The observed frequency, intensity, and duration of some extreme weather events have been changing as the climate system has warmed. Such changes in extreme weather events also have been simulated in climate models, and some of the reasons for them are well understood. For example, warming is expected to increase the likelihood of extremely hot days and nights. Warming also is expected to lead to more evaporation that may exacerbate droughts and increased atmospheric moisture that can increase the frequency of heavy rainfall and snowfall events.
The extent to which climate change influences an individual weather or climate event is more difficult to determine. It involves consideration of a host of possible natural and anthropogenic factors (e.g., large-scale circulation, internal modes of climate variability, anthropogenic climate change, aerosol effects) that combine to produce the specific conditions of an event. By definition, extreme events are rare, meaning that typically there are only a few examples of past events at any given location.
Nonetheless, this relatively new area of science—often called event attribution—is rapidly advancing. The advances have come about for two main reasons: one, the understanding of the climate and weather mechanisms that produce extreme events is improving, and two, rapid progress is being made in the methods that are used for event attribution. This emerging area of science also has drawn the interest of the public because of the frequently devastating impacts of the events that are studied. This is reflected in the strong media interest in the connection between climate change and extreme events, and it occurs in part because of the potential value of attribution for informing choices about assessing and managing risk and in guiding climate adaptation strategies. For example, in the wake of a devastating event, communities may need to make a decision about whether to rebuild or to relocate. Such a decision could hinge on whether the occurrence of an event is expected to become more likely or severe in the future—and, if so, by how much.
The ultimate challenge for the science of event attribution is to estimate how much climate change has affected an individual event’s magnitude1 or probability of occurrence. While some studies now attempt to do this, most consider classes of events that are similar to the event that has been observed. Irrespective of whether a specific
event or a class of events is studied, results remain subject to substantial uncertainty, with greater levels of uncertainty for events that are not directly temperature related. The conclusions drawn also depend, in general, on choices made when selecting the events, framing the questions asked about the role of climate change, designing the modeling setup, and selecting statistical tools to quantify uncertainty.
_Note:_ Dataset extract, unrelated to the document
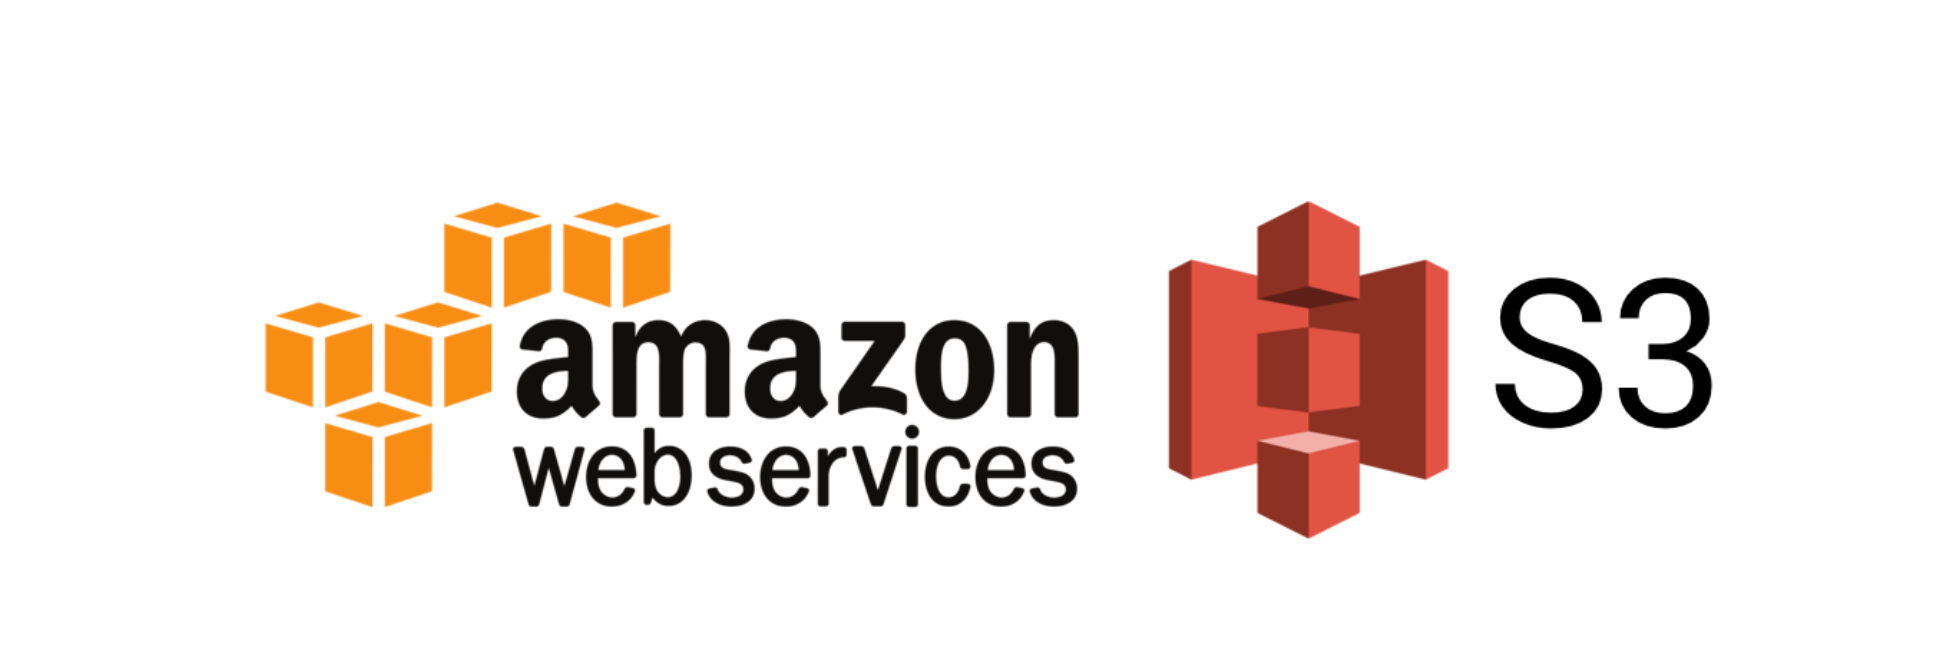 Amazon S3 logo: Kinesis S3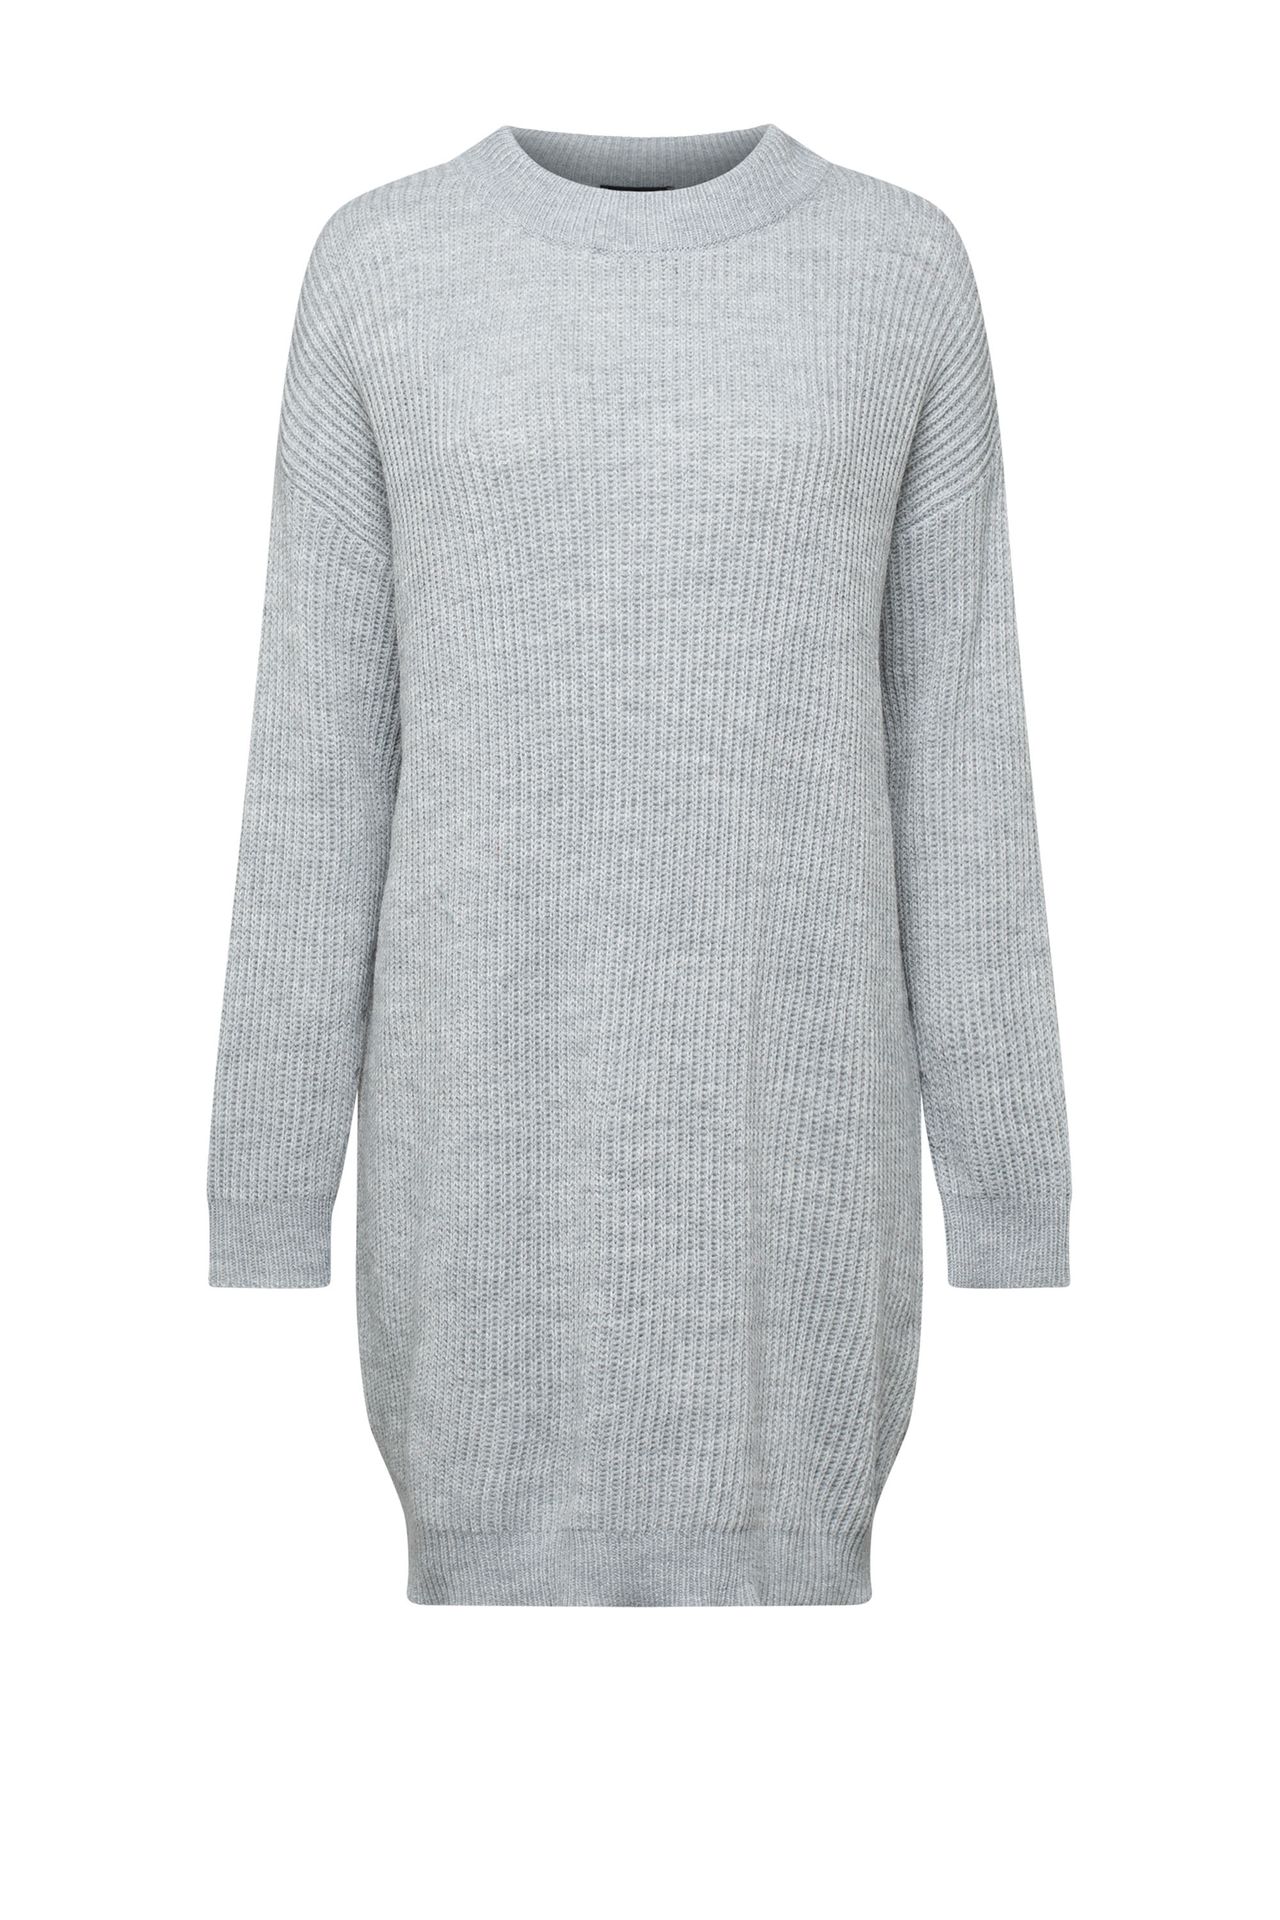  Gebreide jurk grijs grey melange 210481-050-48

More and more event attribution studies are being published every year, and study results are increasingly requested very quickly after events occur. Some of the study methods are still relatively novel, however, and there are a range of views about how to conduct and interpret the analyses. This report examines the science of attribution of specific extreme weather events to human-caused climate change and natural variability by reviewing current understanding and capabilities. It assesses the robustness of the methods for different classes of events and attribution approaches, provides guidance for interpreting analyses, and identifies priority research needs.